Dass wir Dinge bewerten, ist typisch Mensch. Aber wie merken wir eigentlich, was wir gut finden?
Allan Guggenbühl: Das hat mit biologisch geprägten Vorlieben zu tun – gewisse Gerüche, Farben und Formen ziehen uns mehr an als andere. Aber auch die Gesellschaft spielt eine Rolle; sie definiert Symbole der Zugehörigkeit. Angenommen, unter Jugendlichen liegen Mützen im Trend. Dann fühlt sich einer, der eine Mütze trägt, bestimmt attraktiver als der Mützenlose. Er fühlt sich so zugehörig.
Wie entscheiden wir, zu wem wir gehören wollen?
In der Arbeit und Ausbildung werden wir Gruppen zugeordnet, da haben wir keine Wahl. Wer uns sympathisch ist, entscheiden wir spontan. Gewisse Menschen sind uns näher als andere – zum Glück, sonst wären wir gar nicht beziehungsfähig. Abneigung zu hegen, ist nicht abnormal. Wir binden uns nicht an alle Menschen, sondern entwickeln Freundschaften zu ausgewählten Menschen.
Aber warum bewegen wir uns meist unter Gleichen?
Wir gehen unbewusst davon aus: So wie ich bin – das ist normal. Denkt jemand komplett anders, erleben wir das als irritierend, komisch oder faszinierend. Generell tun wir uns am liebsten mit Menschen zusammen, die uns ähnlich sind. Differenzen erlauben wir dann innerhalb gemeinsamer Normen, haben das Gefühl, es gebe gross Unterschiede. Diese bewegen sich jedoch in einem bestimmten Rahmen. In der Politik lässt sich das gut beobachten: Diskussionen innerhalb einer Partei sind kein Problem. Aber zwischen einem SVPler und einem SPler sind die Differenzen oft so gross, dass kein Dialog mehr möglich ist.

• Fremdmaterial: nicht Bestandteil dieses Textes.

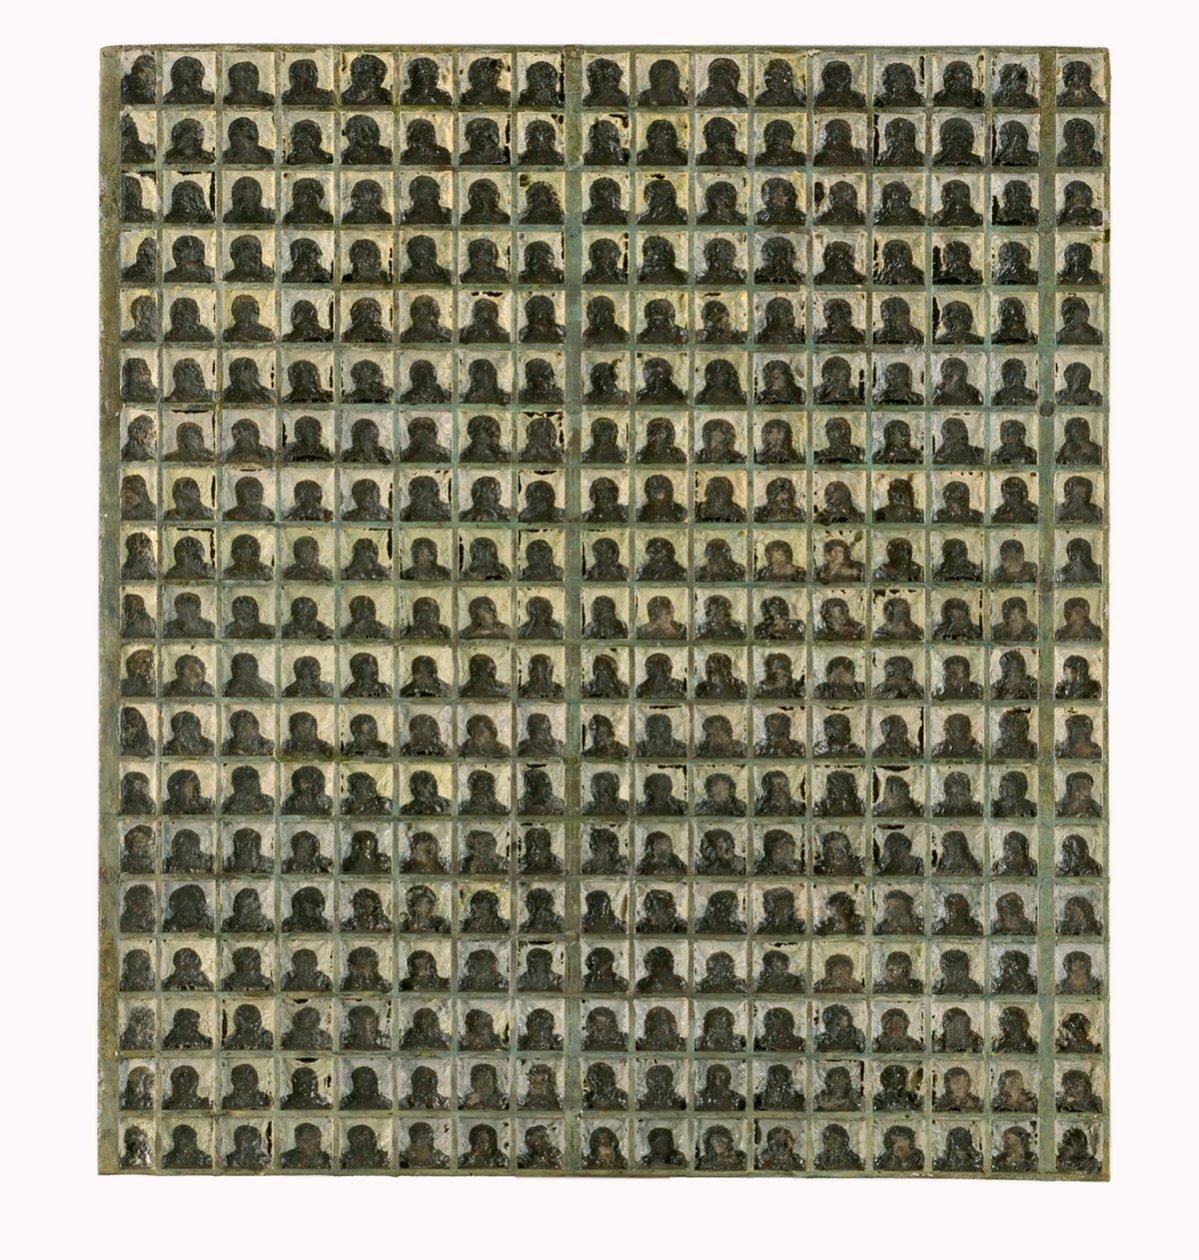 memoriel 5 setif guelma kherrata oeuvre artiste contemporain Kamel Yahiaoui

Dann sind wir also nur beschränkt tolerant?
Absolut. Der Mensch meint oft, er sei toleranter als er tatsächlich ist.
Warum?
Toleranz in unserer Gesellschaft ein positiv besetzter Wert. Kaum jemand sagt von sich, er sei intolerant. Tolerant zu sein, ist eine gesellschaftlich akzeptierte Eigenschaft – wir müssen uns definieren, wenn wir der Gemeinschaft angehören wollen. Wenn wir zynisch sein wollen könnten wir sagen: Wir gaukeln uns Toleranz vor. Oft spricht man von Multi-Kulti-Quartieren. Natürlich leben da Menschen mit verschiedenen Werten. Sieht man jedoch genauer hin, merkt man, dass die Menschen aneinander vorbeileben.

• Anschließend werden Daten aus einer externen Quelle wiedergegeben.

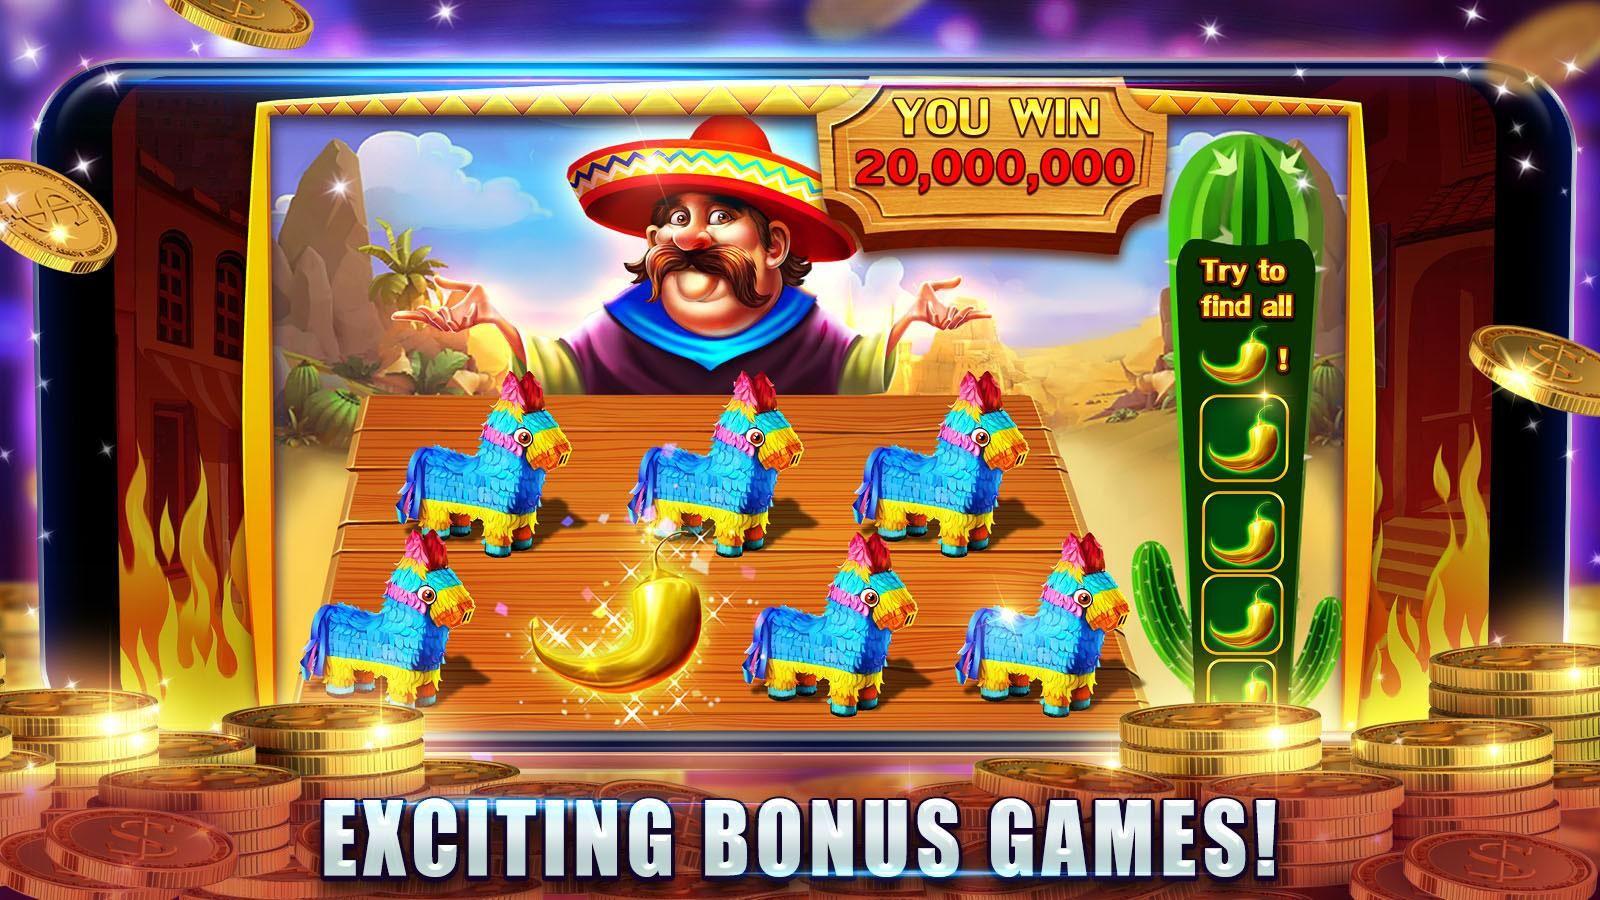 Slot Machine No Deposit Bonus

Wann entstehen denn Konflikte?
Sobald das eigene Leben, vor allem der Privatbereich, tangiert wird, sinkt die Toleranzgrenze. Nehmen wir das Beispiel Flüchtlinge. Aus moralischer Sicht kommt man wohl zum Schluss: Wer flüchten muss, braucht unsere wohlwollende Hilfe, wir sind tolerant. Sind die Fremden dann da, kann es zu Konflikten kommen, weil wir uns ob dem andersartigen Verhalten bedroht fühlen. Die Fremden wiederum sind schmerzlich betroffen, wenn sie ihre Kultur nicht weiterführen können. Besonders heikel ist es, wenn Grundwerte betroffen sind. Angenommen, ein 16-jähriges Muslimmädchen verliebt sich hier in einen Jungen. Die Eltern verbieten ihr den Kontakt, weil sie bestimmen wollen, mit wem sich ihre Tochter einlässt. Bei uns hingegen gilt die freie Partnerwahl. Da prallen zwei verschiedene Vorstellungen aufeinander. Solche Konflikte kann man oft gar nicht lösen.

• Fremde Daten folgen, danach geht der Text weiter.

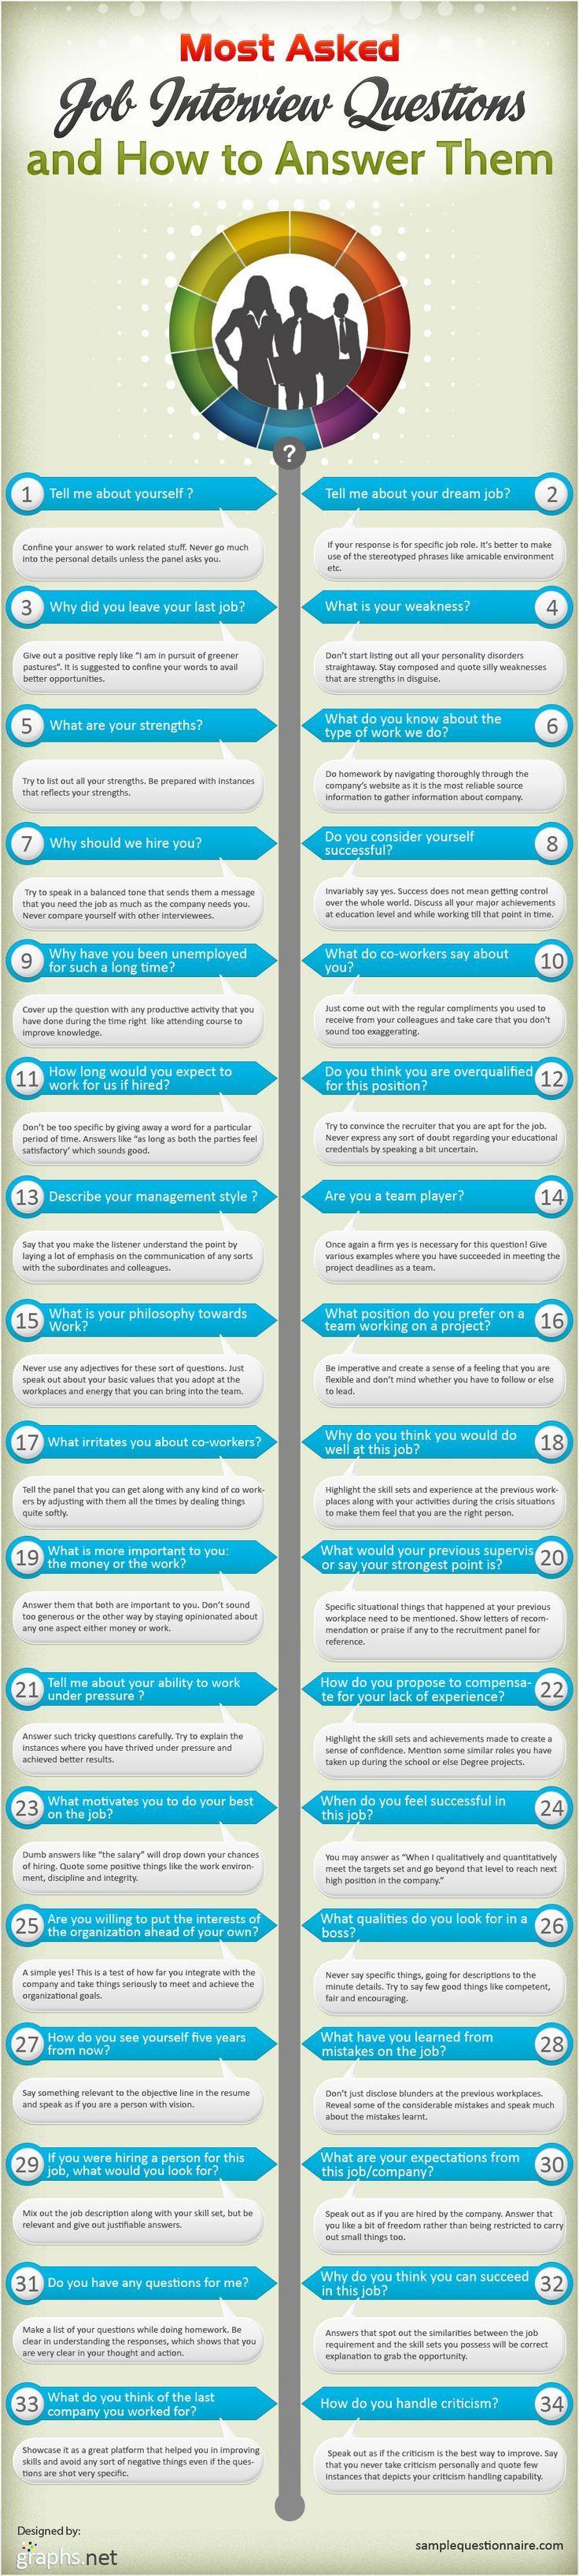 25+ best ideas about Interview questions on Pinterest | Job ...

Auch wenn das Anderssein häufig als bedrohlich eingestuft wird – seit jeher fasziniert es auch.
Ganz klar – das Anderssein löst oft Faszination aus. Wir sind hin- und hergerissen zwischen Abneigung und Anziehung. Diese Ambivalenz drückt sich auch in den Medien aus.
Ein Beispiel?
Die Debatte um Transgender in den USA: In North Carolina wurde Transmenschen verboten, die Toiletten ihres neuen Geschlechts aufzusuchen. Sie dürfen nur in die Toiletten ihres Ursprungsgeschlechts. Gleichzeitig gab es eine Solidaritätswelle, man war entsetzt über die Engstirnigkeit der Menschen, die das Verbot aufgestellt haben.